[Saved data entries]
━━━━━━━━━━━━━━━━━━━━

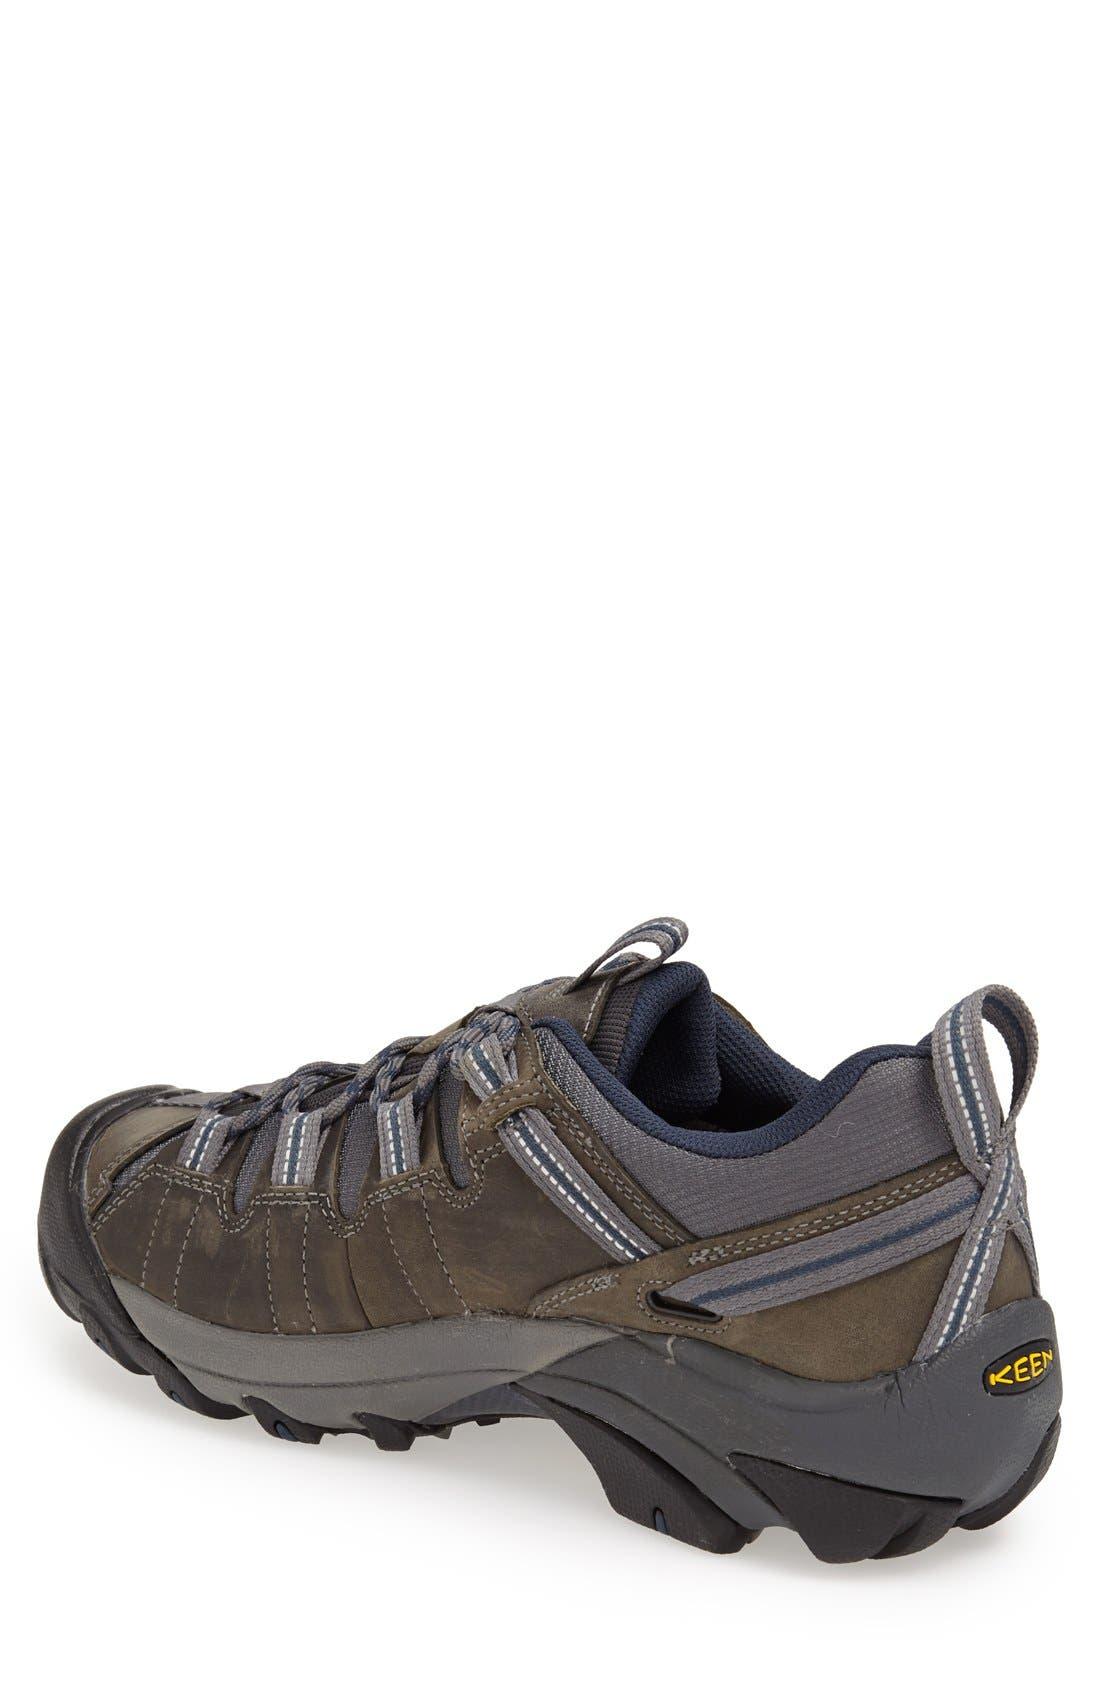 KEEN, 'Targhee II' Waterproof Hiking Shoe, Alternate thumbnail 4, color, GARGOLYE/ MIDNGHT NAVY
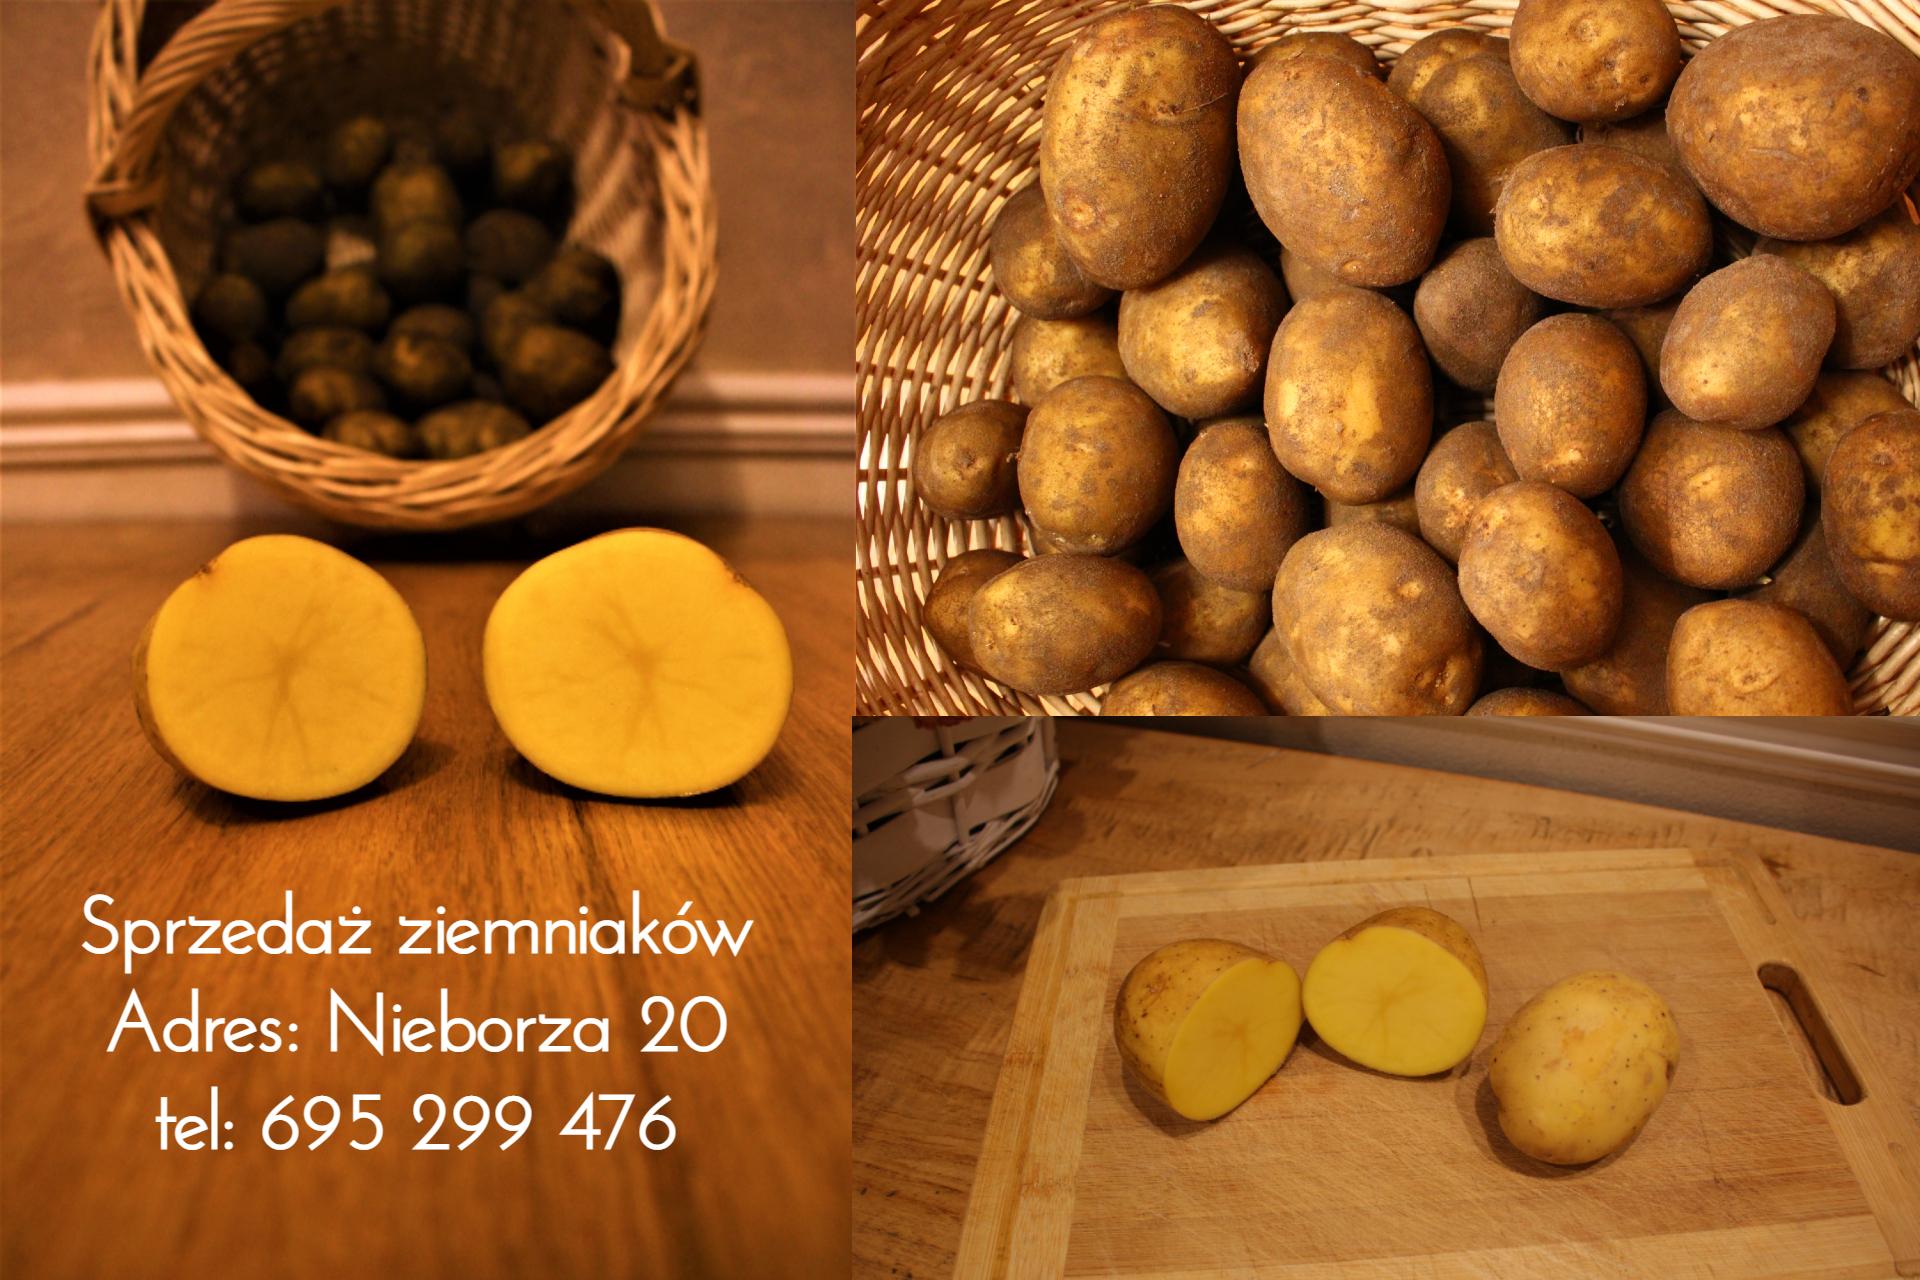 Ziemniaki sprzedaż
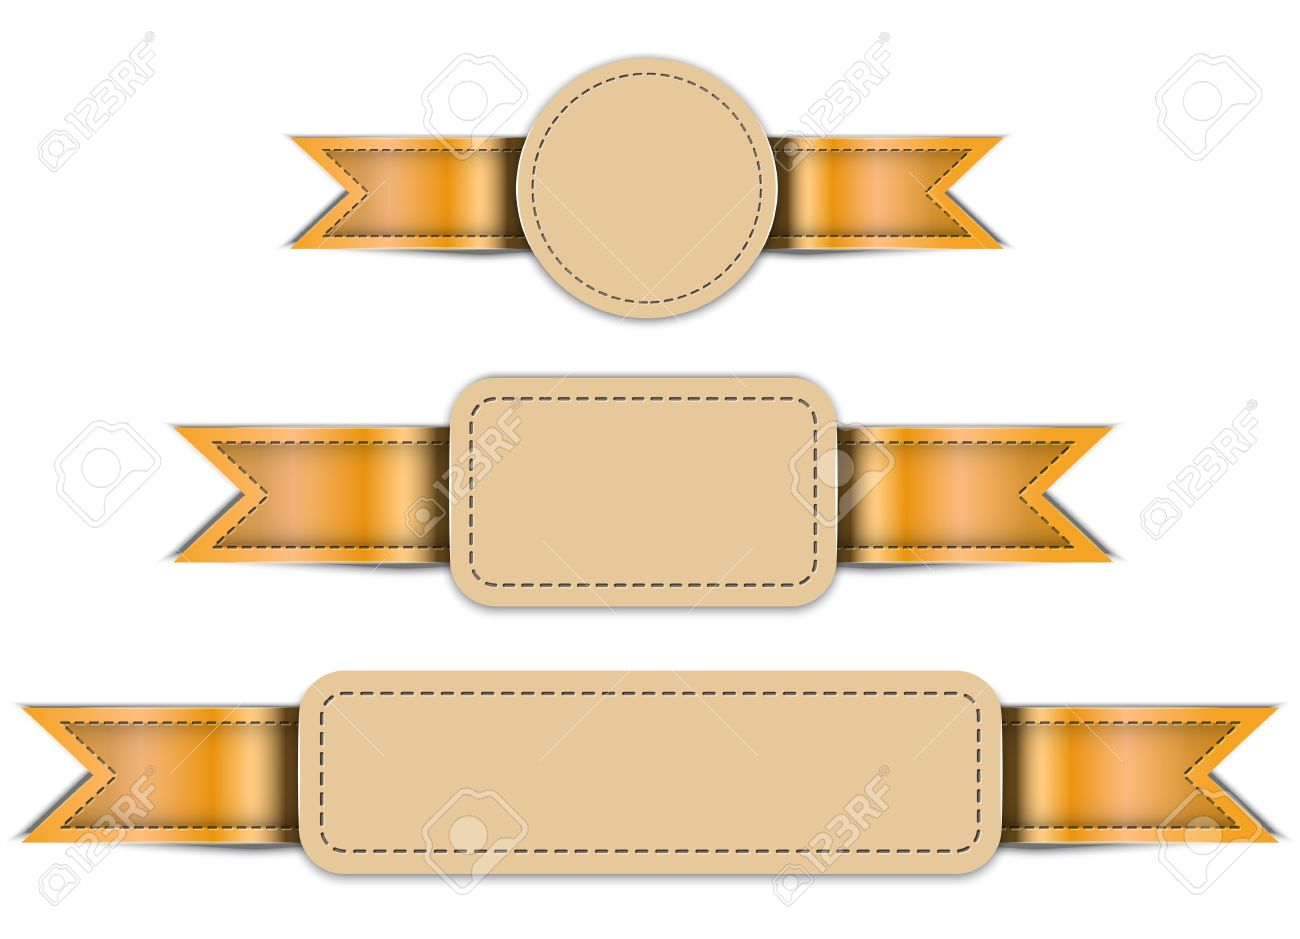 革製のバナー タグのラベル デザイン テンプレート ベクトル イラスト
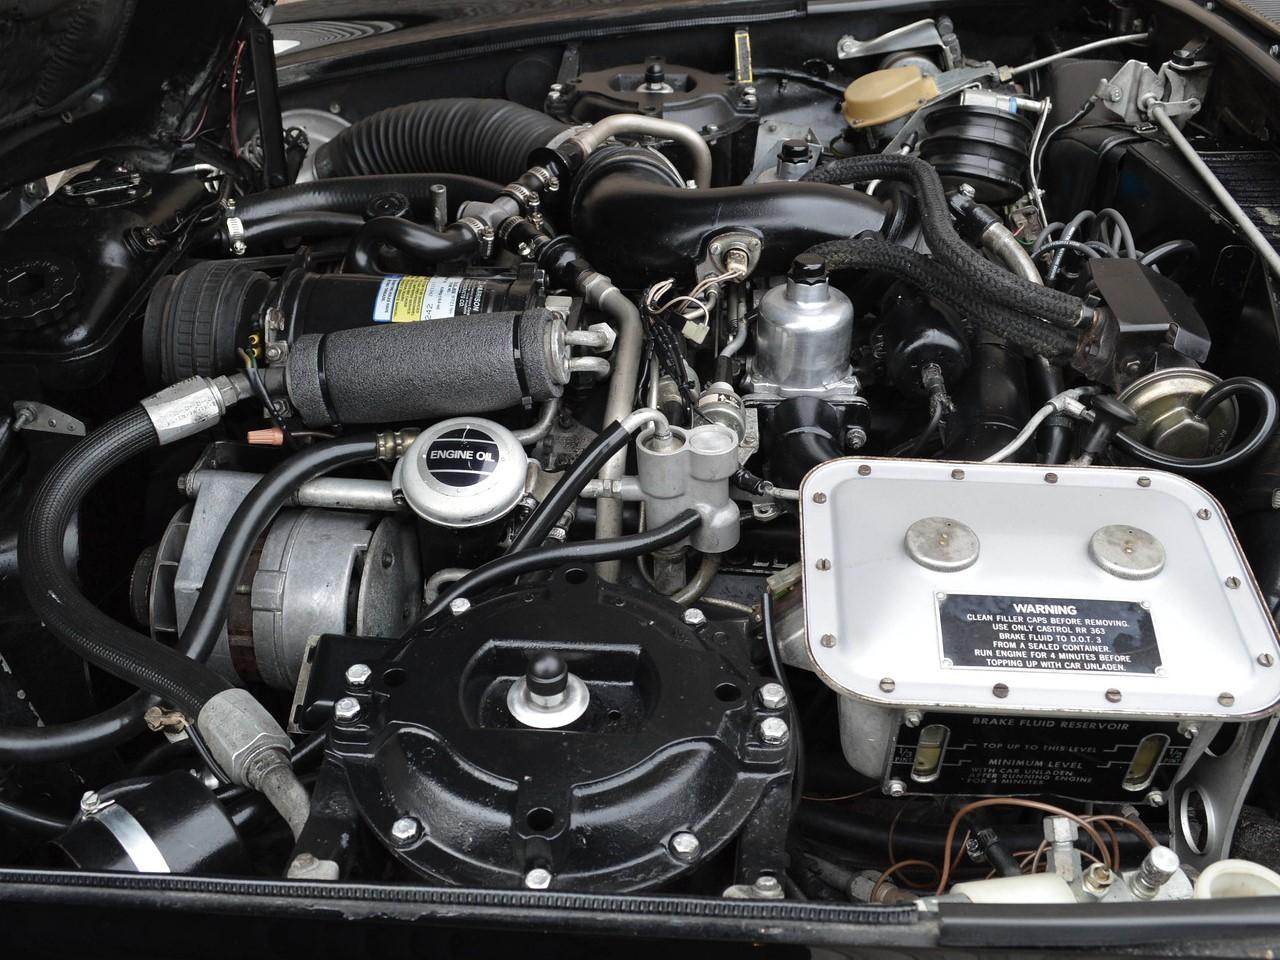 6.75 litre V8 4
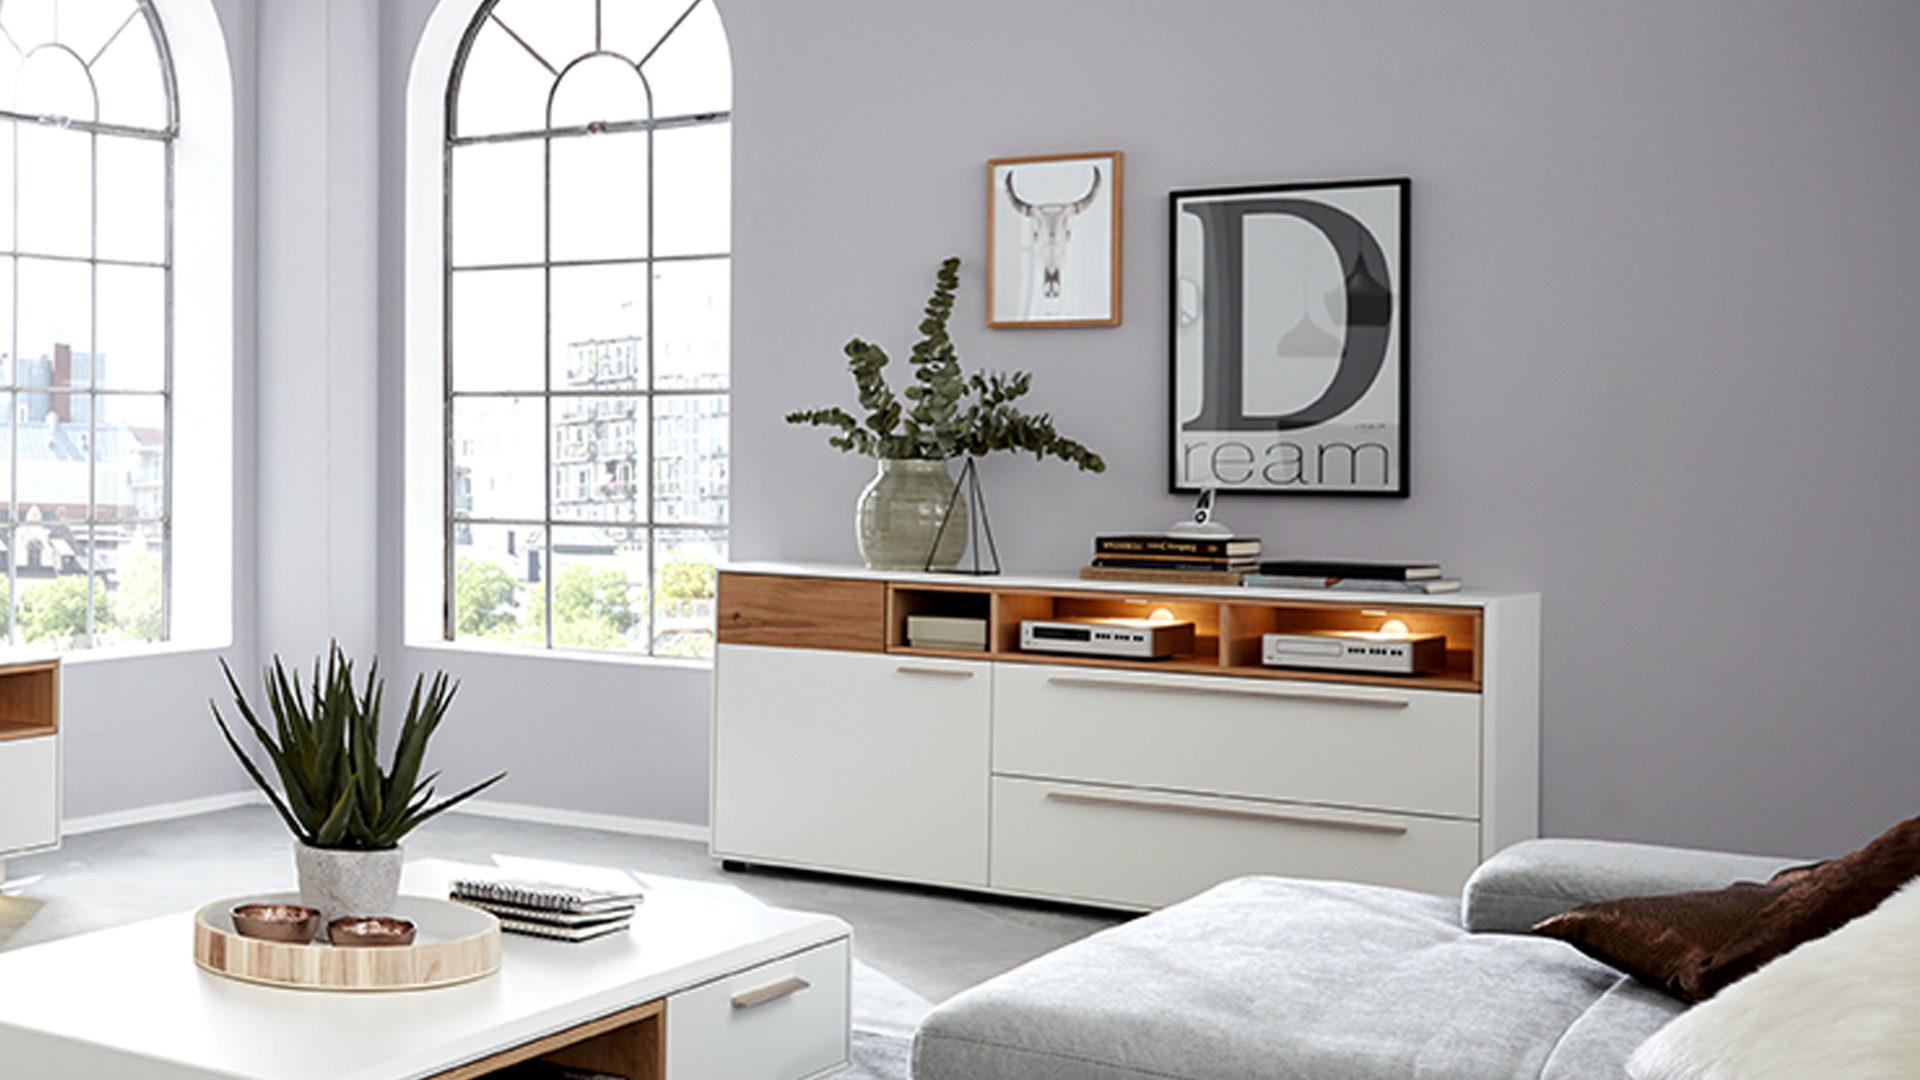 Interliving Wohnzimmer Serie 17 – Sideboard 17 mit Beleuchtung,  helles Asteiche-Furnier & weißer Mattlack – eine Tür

━━━━━━━━━━━━━━━━━━━━

Skipping any pictures, copy the entries exactly as they appear.

 KEEN, 'Targhee II' Waterproof Hiking Shoe, Alternate thumbnail 4, color, GARGOLYE/ MIDNGHT NAVY
 Ziemniaki sprzedaż
 革製のバナー タグのラベル デザイン テンプレート ベクトル イラスト
 6.75 litre V8 4
 Interliving Wohnzimmer Serie 17 – Sideboard 17 mit Beleuchtung,  helles Asteiche-Furnier & weißer Mattlack – eine Tür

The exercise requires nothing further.